Pemimpin Masjid Linwood, Imam Abdul Lateef mengatakan Masjid Linwood adalah salah satu dari dua masjid yang diserang dalam serangan teror mengerikan pada 15 Maret 2019. Empat tahun kemudian, masyarakat masih dalam proses pemulihan dan terus melakukannya.
Lateef kehilangan teman dan anggota jamaahnya dalam serangan itu. Akan tetapi dia telah menjadi pilar kekuatan bagi masyarakat setelahnya. Dia telah bekerja tanpa lelah untuk mempromosikan penyembuhan dan rekonsiliasi, dan usahanya tidak luput dari perhatian.
Sementara penyintas serangan 2019, Temel Atacocugu mengalami kecacatan 52 persen dan masih merasakan efek trauma setelah ditembak sembilan kali selama penyerangan. Terlepas dari kesulitan yang dia hadapi, Atacocugu mengatakan dia tetap berterima kasih atas dukungan yang dia terima dari orang-orang di seluruh dunia.
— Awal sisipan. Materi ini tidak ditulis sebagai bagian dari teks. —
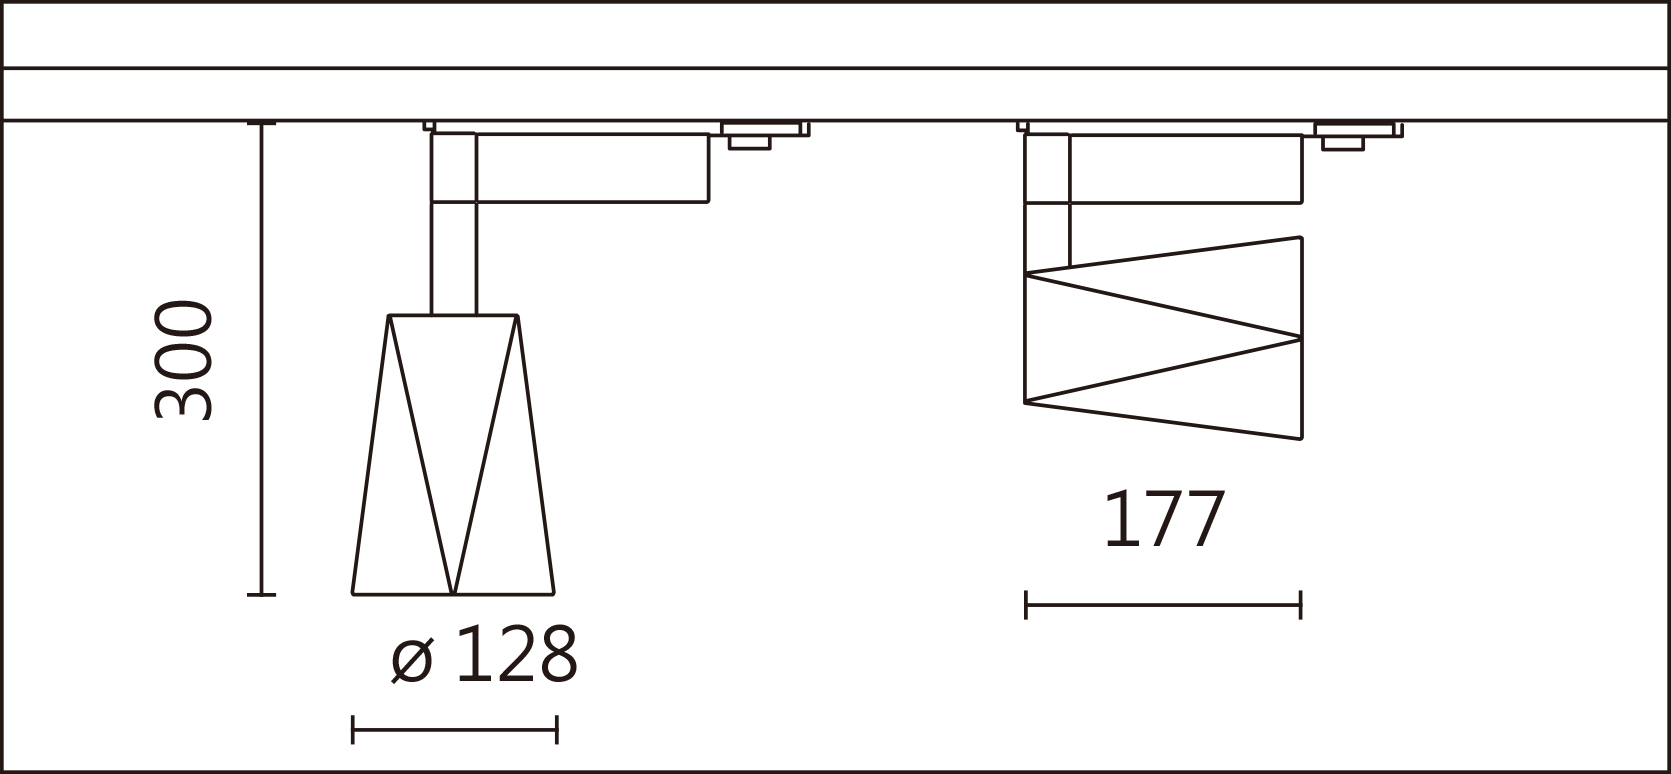 SA-9200A Dimensional drawing.jpg

Berbicara kepada wartawan, dia mengungkapkan penghargaannya atas cinta dan perhatian yang ditunjukkan kepadanya serta rekan-rekannya yang selamat. Pesan harapan dan perdamaian Atacocugu yakni salah satu yang beresonansi dengan banyak orang.
Dia bersumpah menanggapi kebencian dengan perdamaian. Komitmennya yang tak tergoyahkan terhadap pesan ini merupakan inspirasi bagi orang lain yang terkena dampak tragedi serupa.